A handful of good-tasting picks to get you started:
Think thin?
Heads up: For years, flatter buns (aka “sandwich thins”) had just 100 calories a pop. Today, some have grown up.
“Perfectly-sized and now 140 calories per roll!” say Arnold 100% Whole Wheat Sandwich Thins, which hit 300 milligrams of sodium. Brownberry and Oroweat whole wheat thins have the same numbers.
They still eke out an Honorable Mention, though. And if you’re watching every calorie, they beat two slices of many breads.
The only Best Bite: the smaller Ozery Whole Wheat OneBun, which still has just 100 calories.
Whole-grain games
Beware these whole-grainy claims:
- Grams of whole grain. “Our organic Epic Everything bagels have all the garlicky and oniony deliciousness you want, and pack a whopping 26g of whole grains per serving,” says the Dave’s Killer Bread label. But that still leaves plenty of room for refined flour. The same-size Thomas’ Whole Wheat Bagels have 55 grams of whole grain. Why? Because they’re 100% whole grain.
Tip: Dave’s English muffins aren’t all whole grain, either. (Many of his sliced breads do better, though.)
- “Multigrain” or “ancient grain.” White flour could be the first ingredient. Case in point: Thomas’ Light MultiGrain English Muffins and Stonefire Ancient Grain Mini Naan.
- “Made with whole grain.” “Made with” usually means you’re getting white flour mixed with whole grain.
Don’t count your veggies...
Mission Garden Spinach Herb Wraps are “lean, green tortillas” that are made with fresh ingredients,” says the company’s website.
Really? The first ingredient: white flour. Spinach powder (it’s part of the “seasoning”) comes after water and shortening. Maybe it’s the yellow and blue food dyes that make them so green!
Fiber One Garden Vegetable Wraps, Angelic Bakehouse Garden Wraps, and other veggie-promising wraps drop the dyes, but they still have far more grain than dried, powdered, or juiced vegetables.
Outer Aisle PlantPower Original Sandwich Thins (50 calories), on the other hand, add enough fresh cauliflower—plus a little egg, parmesan, and nutritional yeast—to replace the flour altogether. The saturated fat (1½ grams) and sodium (130 milligrams) aren’t bad, but unless your sandwich is open-faced or folded like a taco, you’ll need to double those numbers for two thins. That drops them down to an Honorable Mention. Too bad the price ($7 for a six-pack) is so steep.
Bottom line: Don’t count on wraps to put a dent in the 10-plus servings of veggies and fruits you should shoot for every day. Powders and juices don’t fill you up like (low-cal) whole vegetables do.
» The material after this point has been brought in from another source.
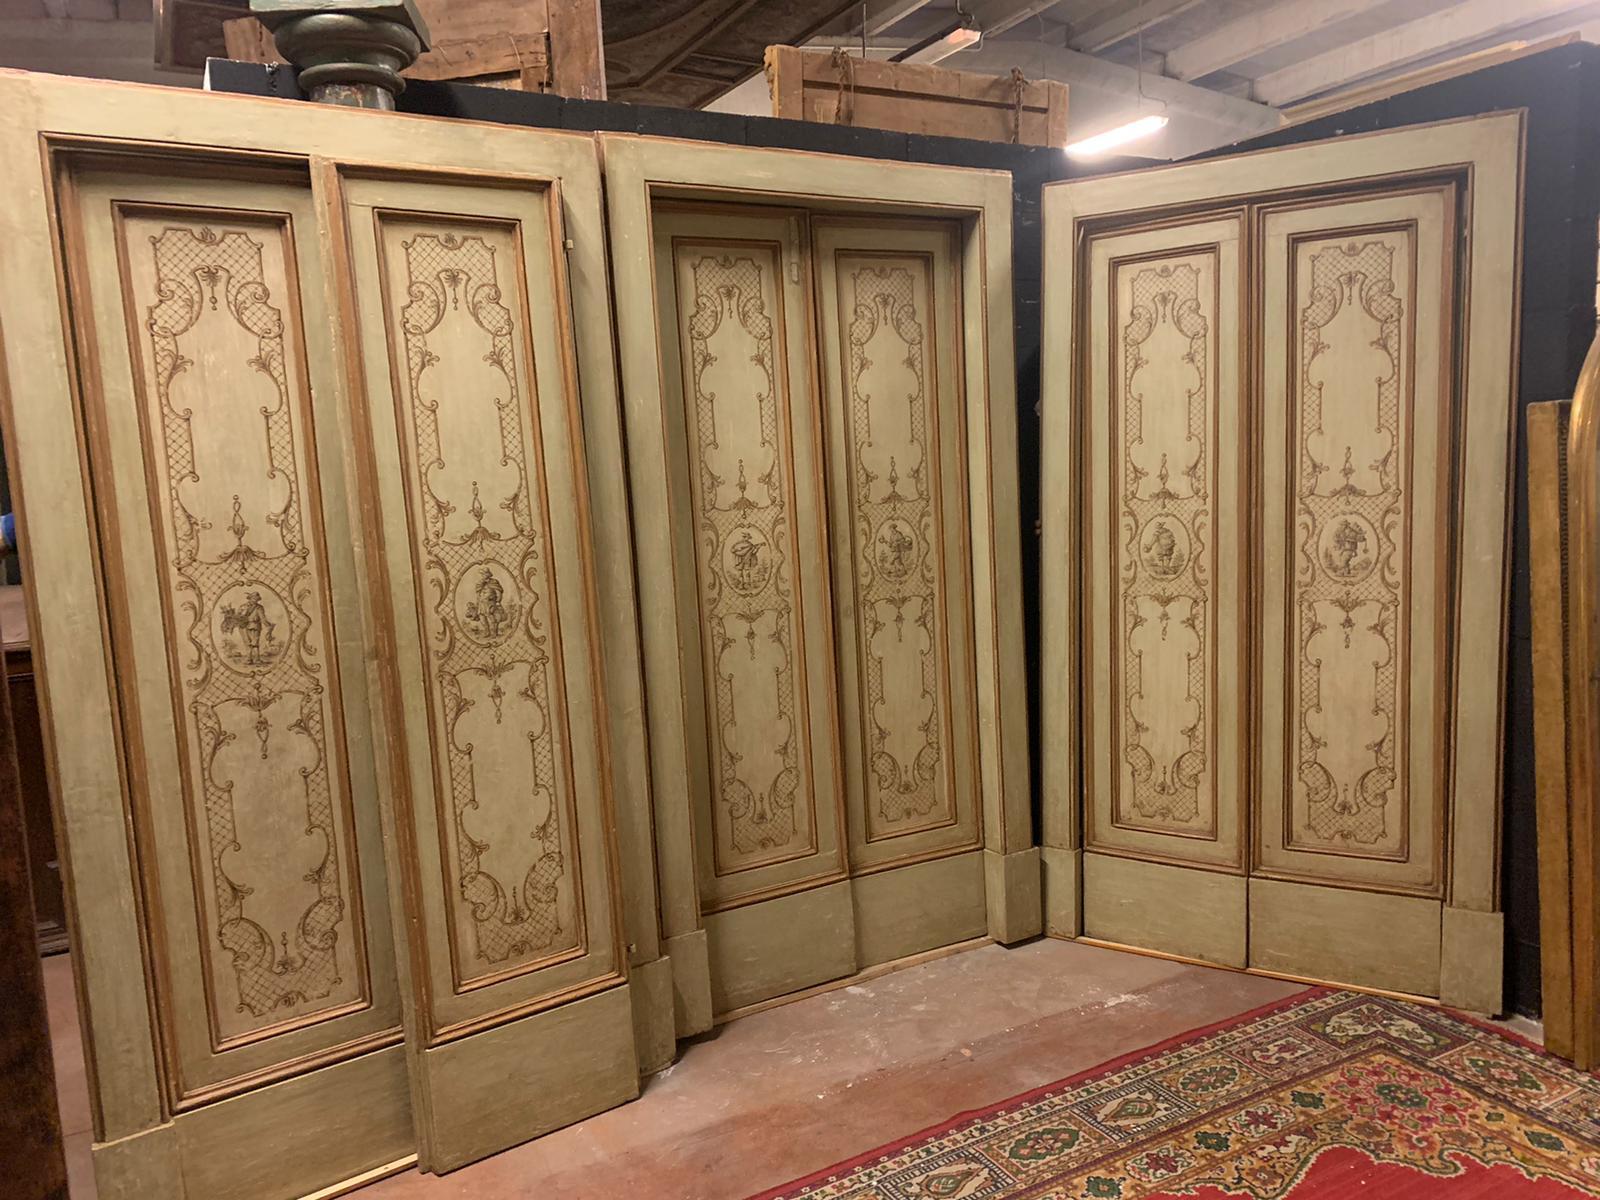 Set of 3 antique interior doors, double-winged and with original frame, lacquered and hand-painted with themes of the period, built entirely by hand in the 18th century, for an important building in Italy.
Beautiful and rare to find in sets of 3,

Our advice: Stuff some leafy greens inside...or add a salad on the side.
A better white bread?
Original Egg White Wraps are “simply made with over 95% cage free egg whites,” says Egglife.
Should you swap white flour for egg whites?
The upside: five grams of protein, just 25 calories, and an impressive 120 milligrams of sodium. Taste? Pleasantly plain, not eggy.
The downside: a six-pack cost us $6. But if you need to avoid gluten or want to cut carbs, Egglife beats “gluten free” or “grain free” tortillas made with starchy refined tapioca.
Hello, jicama!
“Jicama is mild & neutral, which is exactly what makes Trader Joe’s Jicama Wraps an ideal tortilla alternative!” says the package. The (fiber-rich!) root vegetable “resembles a crunchy cross between a water chestnut & an apple.”
If crunch is what you want, use the thinly shaved sheets raw. If you prefer softer and a more tortilla-like taste, heat them up in a lightly oiled skillet.
Calories? A paltry 15 per two-wrap serving.